# Schools in Torrox



## lorraine88 (Mar 6, 2011)

Hi

I am hoping to move to Torrox or Nerja for a year this september. My daughter is 11, can anyone tell me about schools in the area and if the teachers speak english and/or if there are other english speaking children attending school. How easy is it to rent accommodation close to the schools.
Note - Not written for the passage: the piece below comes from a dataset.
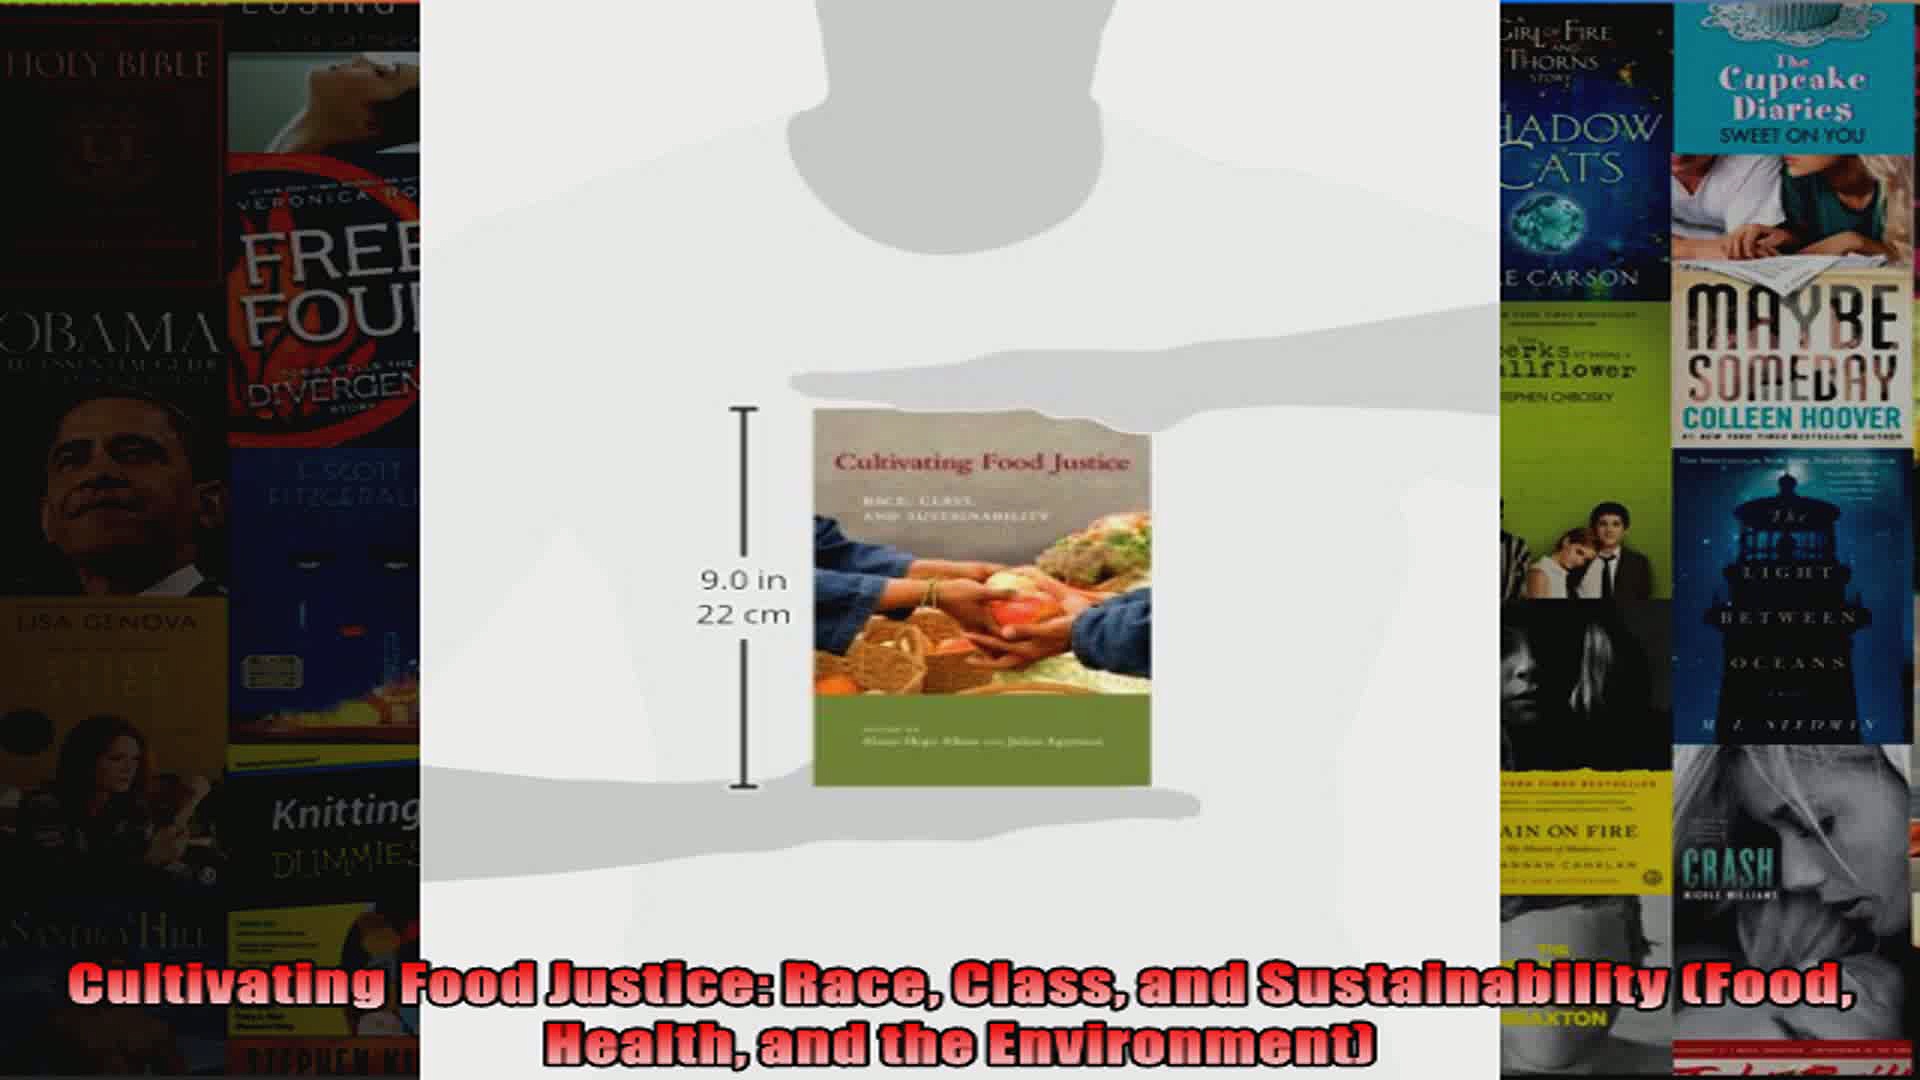 Cultivating Food Justice Race Class and Sustainability Food Health and the Environment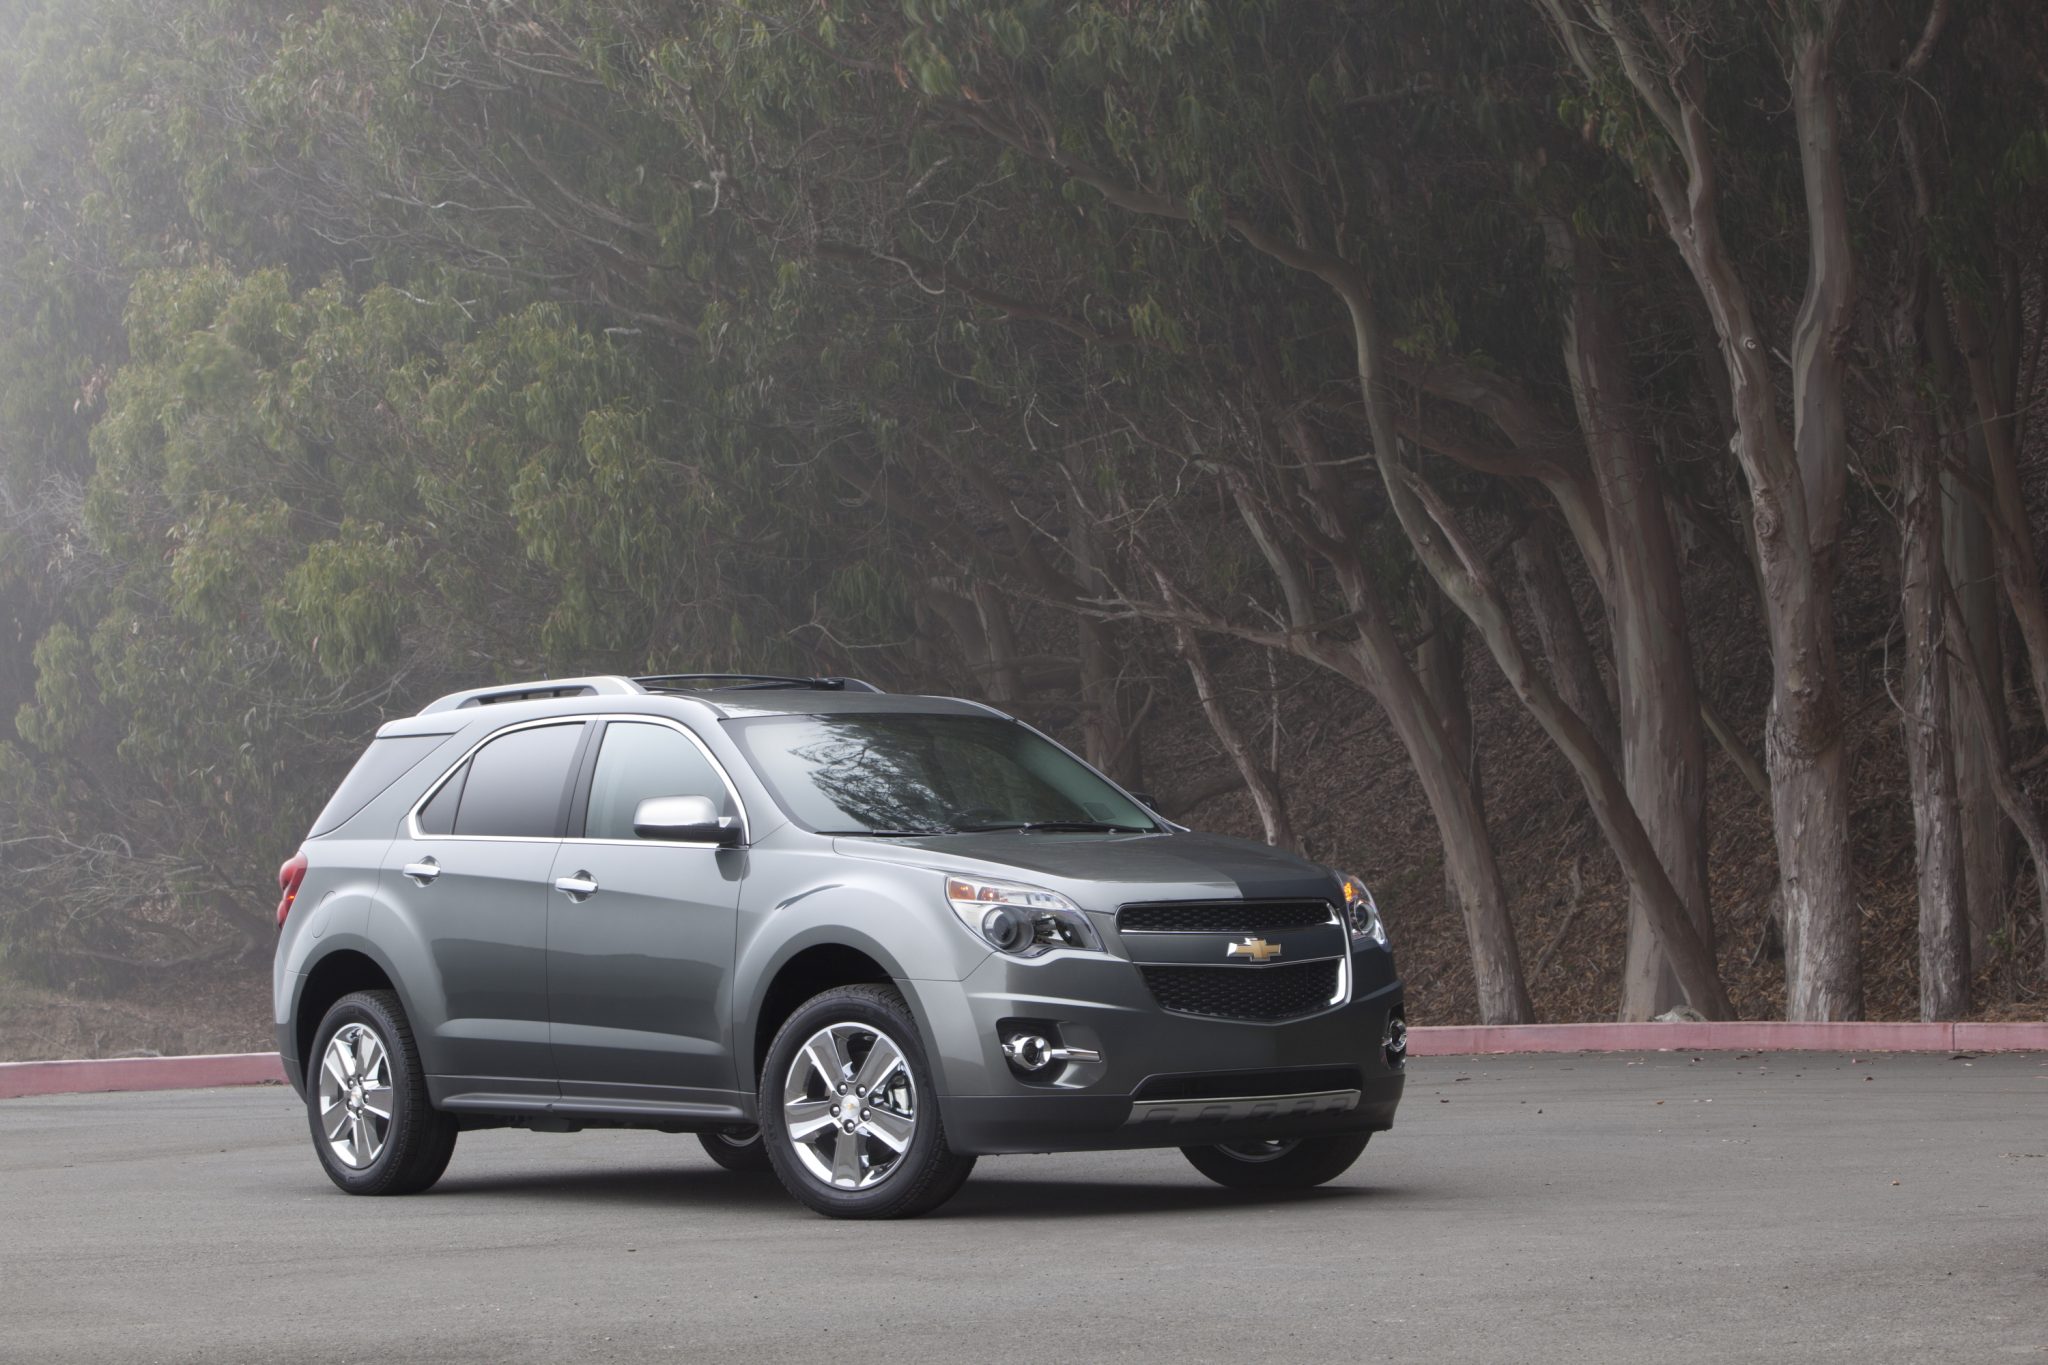 updates-for-the-2015-chevy-equinox-announced-the-news-wheel

I really would appreciate any advice.

Thanks


----------



## jojo (Sep 20, 2007)

I'm not from that area, but you can bet your life there will be english speaking kids there. The Teachers will probably be Spanish and lessons will be taught in Spanish. What they generally do is put new, non spanish speaking kids in a lower year with the view that it will take them time to learn spanish and catch up. Generally the schools dont allow english to be spoken in class and the curriculum is spanish 

That said, at 11, its not gonna be easy,. the younger the better. My daughter was 11 when she went to Spanish state school and she had a terrible time, the spanish kids didnt like the british and the british didnt like my daughter as they said she was "stuck up"????? In the end (after 15 months) we put her into an international school and she's now thriving!!! But all kids are different

As for distances from school, in my area they lay on a bus for those kids who need transport. But I dont know what its like over in Torrox. You need to ask the rental agency if you go that route

Jo xxx


----------